En conséquence, le texte de loi est applicable aux DOM. C'est pourquoi
l'article 52 vise à mettre la loi précitée de 1975 en
conformité avec les dispositions du projet de loi, en précisant
à son article 1
er
qu'à compter de la date
d'entrée en vigueur de la loi, les activités de production,
d'importation, d'exportation d'électricité et de fourniture aux
clients éligibles seront exercées dans des conditions
fixées par le présent texte. Si la distribution n'est pas
visée, c'est que les dispositions antérieures continuent de
s'appliquer en la matière.
Pour Saint-Pierre et Miquelon
, le présent article insère
un alinéa identique, à l'article 7 de l'ordonnance
n° 77-1106 du 26 septembre 1977 portant extension et
adaptation au département de Saint-Pierre et Miquelon de diverses
dispositions législatives relatives au domaine industriel, agricole et
commercial.
L'Assemblée nationale
n'a adopté qu'un amendement
rédactionnel à ces dispositions.
Votre commission vous demande d'adopter cet article sans modification.

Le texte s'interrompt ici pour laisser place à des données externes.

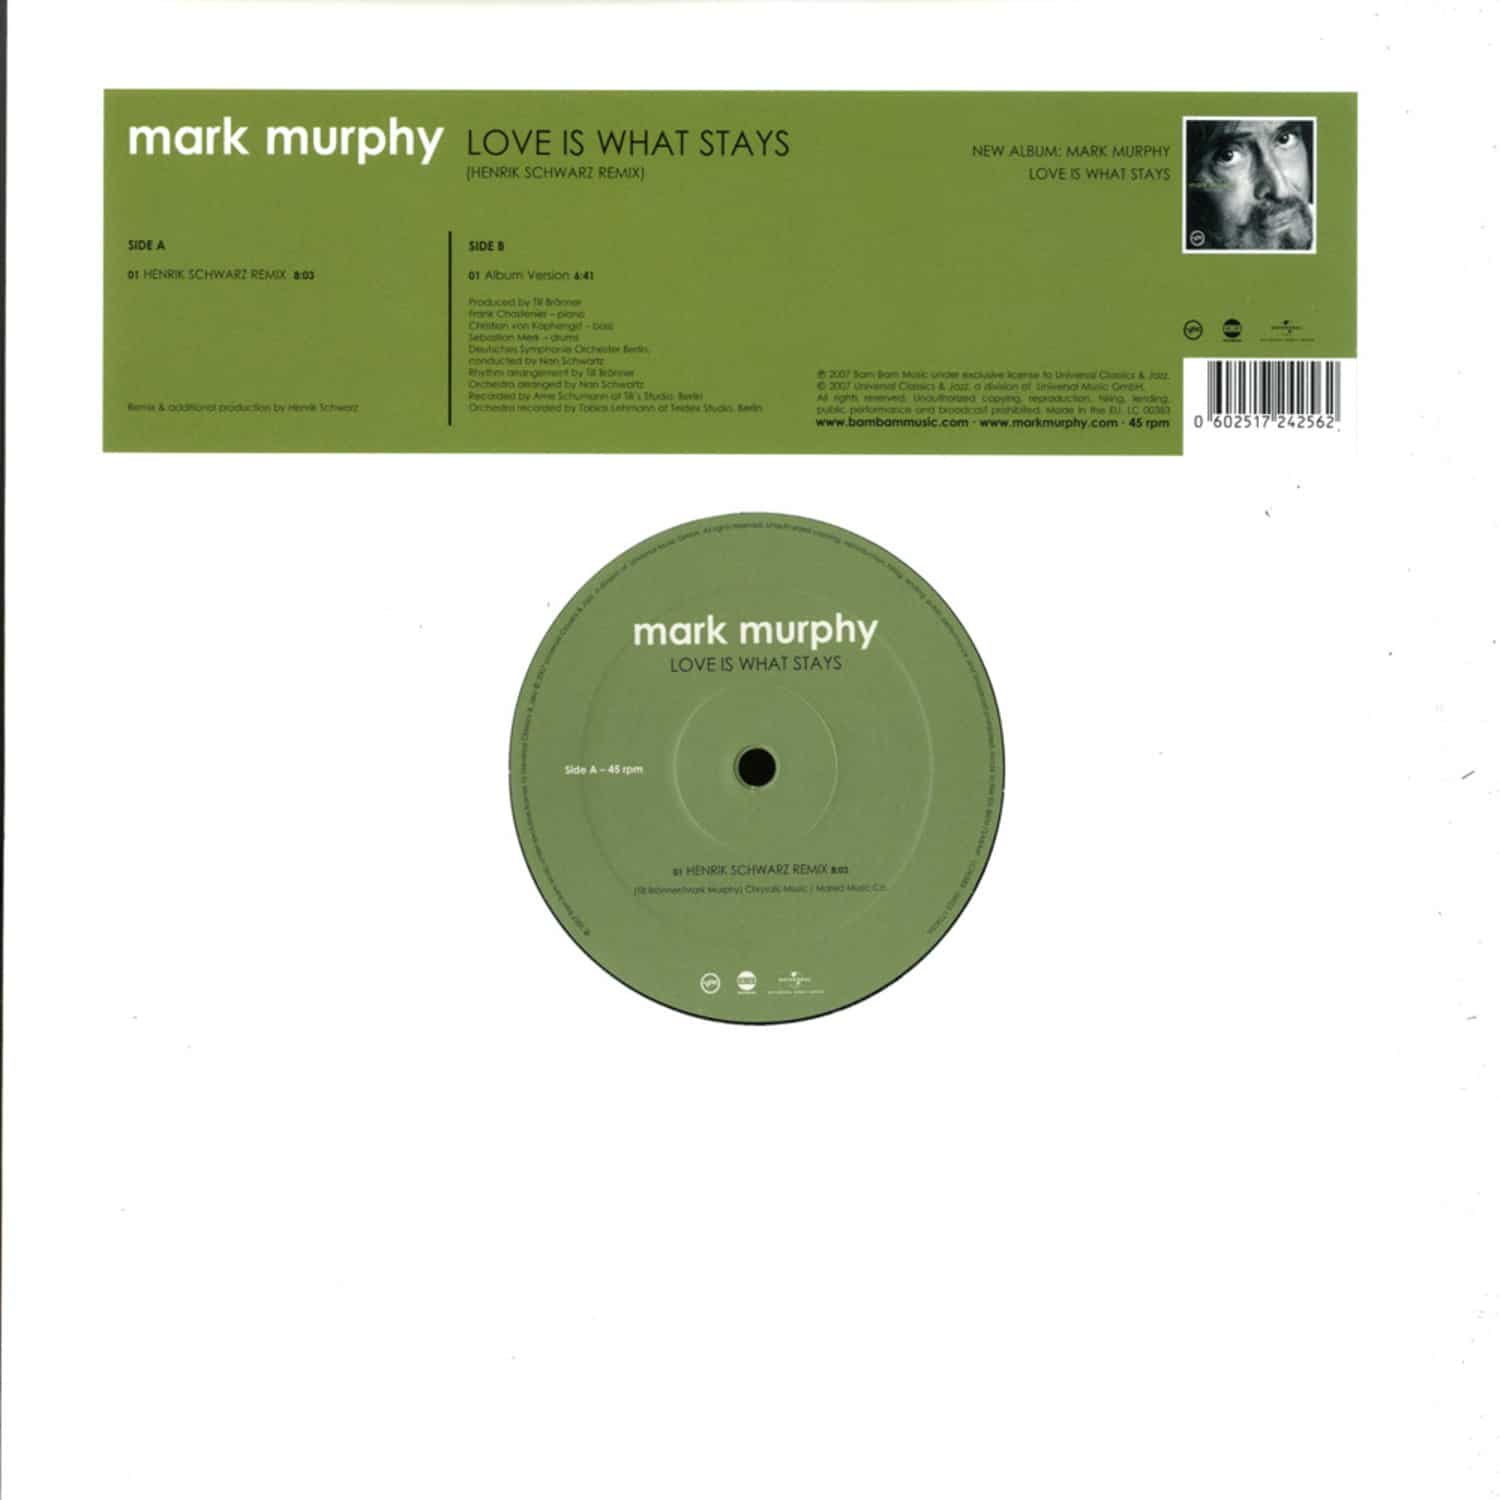 Mark Murphy - LOVE IS WHAT STAYS / HENRIK SCHWARZ RMX

Article additionnel après l'article 52
-
Examen d'une loi sur l'évolution du secteur de
l'électricité
A
l'instar du système retenu par la loi de 1987 sur les déchets
nucléaires, il est souhaitable d'instituer une " clause de
rendez-vous " lors de laquelle le Parlement pourra apprécier les
résultats de la réforme engagée et, le cas
échéant, adopter les mesures de nature à corriger les
déficiences éventuelles du système créé en
1999.
Tel sera l'objet d'un
article additionnel après l'article 52.
Votre commission vous demande d'adopter cet article additionnel.
*
* *
Votre commission a adopté l'ensemble du projet de loi ainsi modifié, le groupe socialiste s'abstenant.